Good morning Joandarc2008,

Start with the Catechism

2383 The separation of spouses while maintaining the marriage bond can be legitimate in certain cases provided for by canon law.[footnoot cann. 1151-1155.]
If civil divorce remains the only possible way of ensuring certain legal rights, the care of the children, or the protection of inheritance, it can be tolerated and does not constitute a moral offense.

Then go to canon law 1153 and canon 1692

Can. 1153 §1 A spouse who occasions grave danger of soul or body to the other or to the children, or otherwise makes the common life unduly difficult, provides the other spouse with a reason to leave, either by a decree of the local Ordinary or, if there is danger in delay, even on his or her own authority.
§2 In all cases, when the reason for separation ceases, the common conjugal life is to be restored, unless otherwise provided by ecclesiastical authority.
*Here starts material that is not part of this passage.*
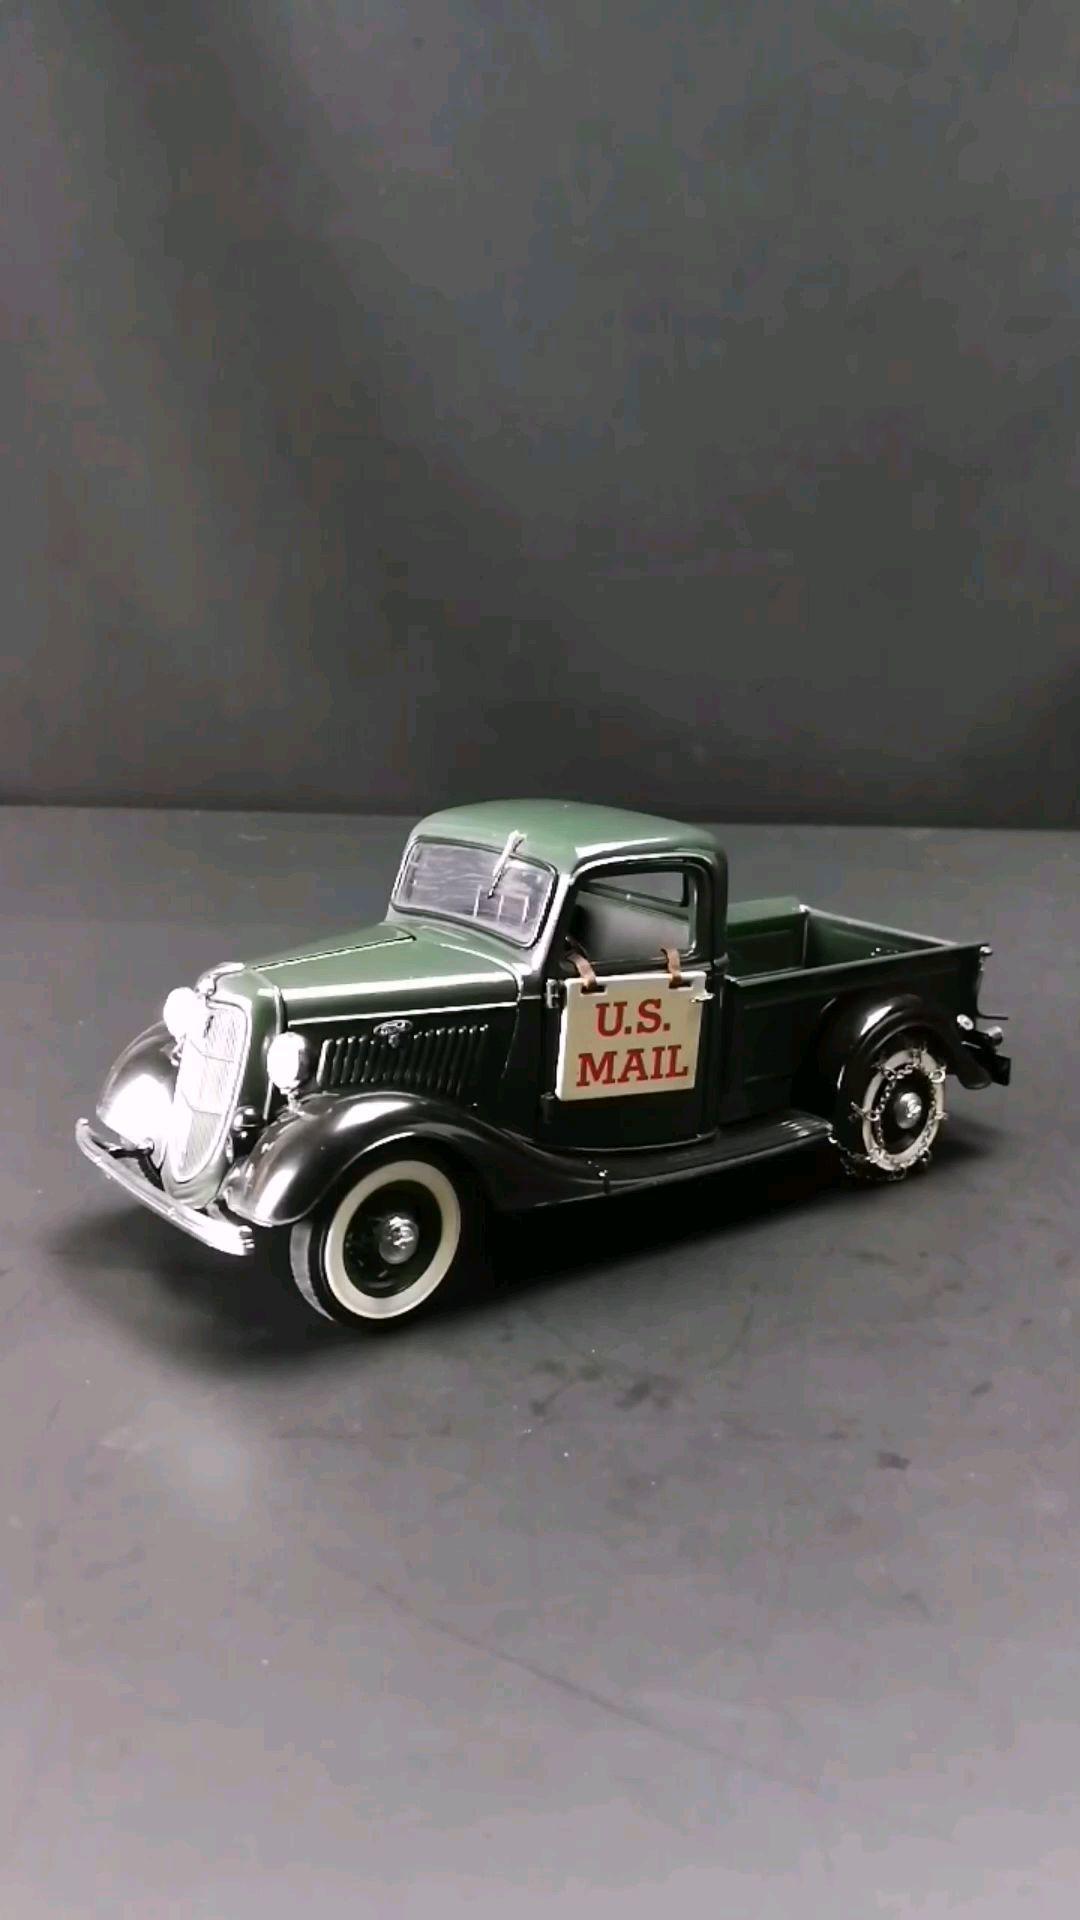 1935福特皮卡美国邮政车,1:24,东晓汽车模型收藏馆藏品。

Can. 1692 §1 Unless lawfully provided otherwise in particular places, the personal separation of baptised spouses can be decided by a decree of the diocesan Bishop, or by the judgement of a judge in accordance with the following canons.
§2 Where the ecclesiastical decision does not produce civil effects, or if it is foreseen that there will be a civil judgement not contrary to the divine law, the Bishop of the diocese in which the spouses are living can, in the light of their particular circumstances, give them permission to approach the civil courts.
§3 If the case is also concerned **with the **merely civil effects of marriage, the judge is to endeavour, without prejudice to the provision of §2, to have the case brought before the civil court from the very beginning.

It just makes sense. If divorce causes our spouse to commit adultery then we become guilty of causing the adultery. We should want to make certain we are in line with the Church as to when it would be acceptable to do this to our spouse.

Bryan

LOVE SO AMAZING


#18

[quote="sammydog, post:17, topic:203806"]
Good morning Joandarc2008,

Start with the Catechism

2383 The separation of spouses while maintaining the marriage bond can be legitimate in certain cases provided for by canon law.[footnoot cann. 1151-1155.]
If civil divorce remains the only possible way of ensuring certain legal rights, the care of the children, or the protection of inheritance, it can be tolerated and does not constitute a moral offense.

Then go to canon law 1153 and canon 1692

Can. 1153 §1 A spouse who occasions grave danger of soul or body to the other or to the children, or otherwise makes the common life unduly difficult, provides the other spouse with a reason to leave, either by a decree of the local Ordinary or, if there is danger in delay, even on his or her own authority.
§2 In all cases, when the reason for separation ceases, the common conjugal life is to be restored, unless otherwise provided by ecclesiastical authority.

Can. 1692 §1 Unless lawfully provided otherwise in particular places, the personal separation of baptised spouses can be decided by a decree of the diocesan Bishop, or by the judgement of a judge in accordance with the following canons.§2 Where the ecclesiastical decision does not produce civil effects, or if it is foreseen that there will be a civil judgement not contrary to the divine law, the Bishop of the diocese in which the spouses are living can, in the light of their particular circumstances, give them permission to approach the civil courts.
§3 If the case is also concerned **with the **merely civil effects of marriage, the judge is to endeavour, without prejudice to the provision of §2, to have the case brought before the civil court from the very beginning.

It just makes sense. If divorce causes our spouse to commit adultery then we become guilty of causing the adultery. We should want to make certain we are in line with the Church as to when it would be acceptable to do this to our spouse.

Bryan

LOVE SO AMAZING

[/quote]

I believe you are misreading - The Canons allow for judgement by the Bishop or local ordinary in cases of emergency (safety) in places where there is no court system that can handle the civil divorce decree to split up marital assets. Try reading this again.